Loading data in QIIME

Now, we will import our dataset into QIIME2 for further processing. There are different data formats supported by QIIME2 when it comes to importing. So, having a basic knowledge about those formats and their corresponding procedures to import them would be helpful.

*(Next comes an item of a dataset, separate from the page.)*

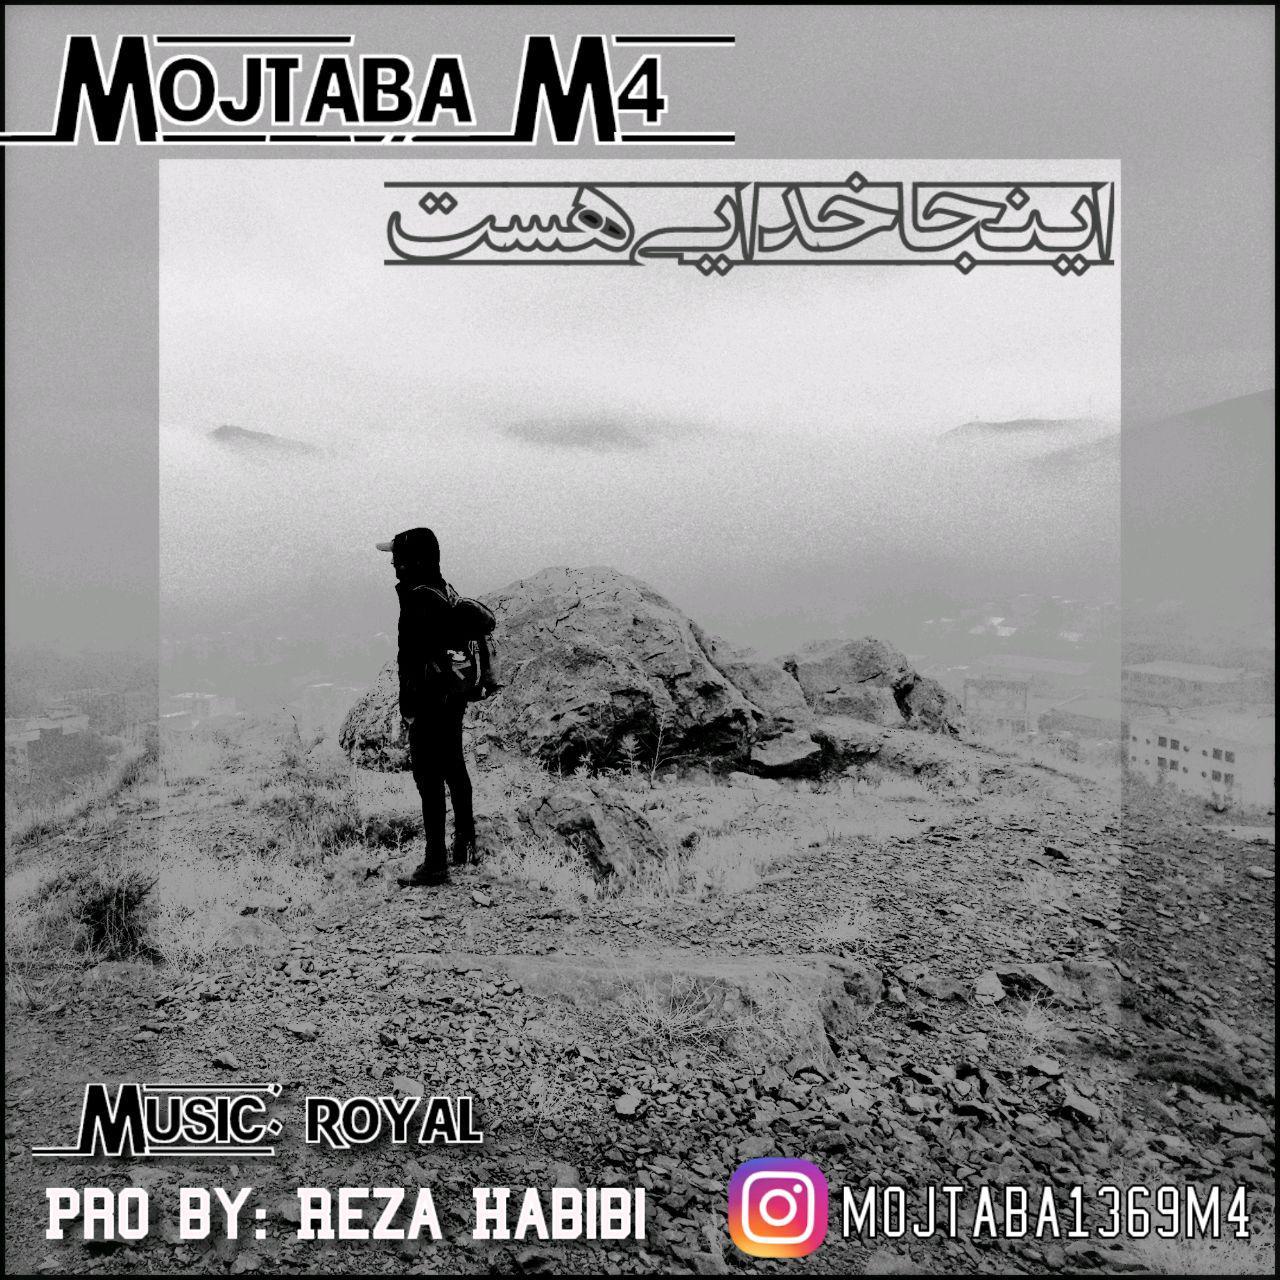 Mojtaba M4 – Inja Khodaei Hast

More information can be accessed here

In our previous step, we applied filtering using trimmomatic tool. This filtering step generated new sequence files with names with suffixes like 1P_L001.fastq.gz. We we will create a manifest file containing filepath of forward and backward sequence read files.

Create manifest file

To automate the generation of manifest file, we will use the following shell script

create_manifest.sh

# author: Pankaj chejara
# Script to create manifest file for qiime2

samples=()

for filename in ./raw_files/*.fastq.gz; do
    base=$(basename "$filename" .fastq.gz)
    nf=$(echo $base | sed -e 's/.......$//');
    if ! [[ ${samples[@]} =~ $nf ]]
    then
      samples+=("$nf");
    fi
  done

echo "sample-id    forward-absolute-filepath    reverse-absolute-filepath" > manifest.csv

for sample in "${samples[@]}"; do
  forward="$PWD/trimm_outputs/${sample}_1P.fastq.gz"
  backward="$PWD/trimm_outputs/${sample}_2P.fastq.gz"
  sampleid=$(echo $sample | sed -e 's/_.*//')
  echo "$sampleid    $forward    $backward" >> manifest.csv
  #echo "$sampleid,$backward,backward" >> manifest.csv
done;

This script will generate a manifest file which looks like this

sample-id	absolute-filepath	direction
ADenoma12-2799	/Users/pankaj/Documents/Metrosert/Public dataset/zakular2014/trimm_outputs/ADenoma12-2799_S12_L001_1P.fastq.gz	forward
ADenoma12-2799	/Users/pankaj/Documents/Metrosert/Public dataset/zakular2014/trimm_outputs/ADenoma12-2799_S12_L001_2P.fastq.gz	backward
Ademona1-2065	/Users/pankaj/Documents/Metrosert/Public dataset/zakular2014/trimm_outputs/Ademona1-2065_S1_L001_1P.fastq.gz	forward

Tip

Do not forget to change the directories in the script as per your environment. The script scans raw_data directory to fetch all sample ids and then generate manifest file with filepaths (of files obtained after trimmomatic).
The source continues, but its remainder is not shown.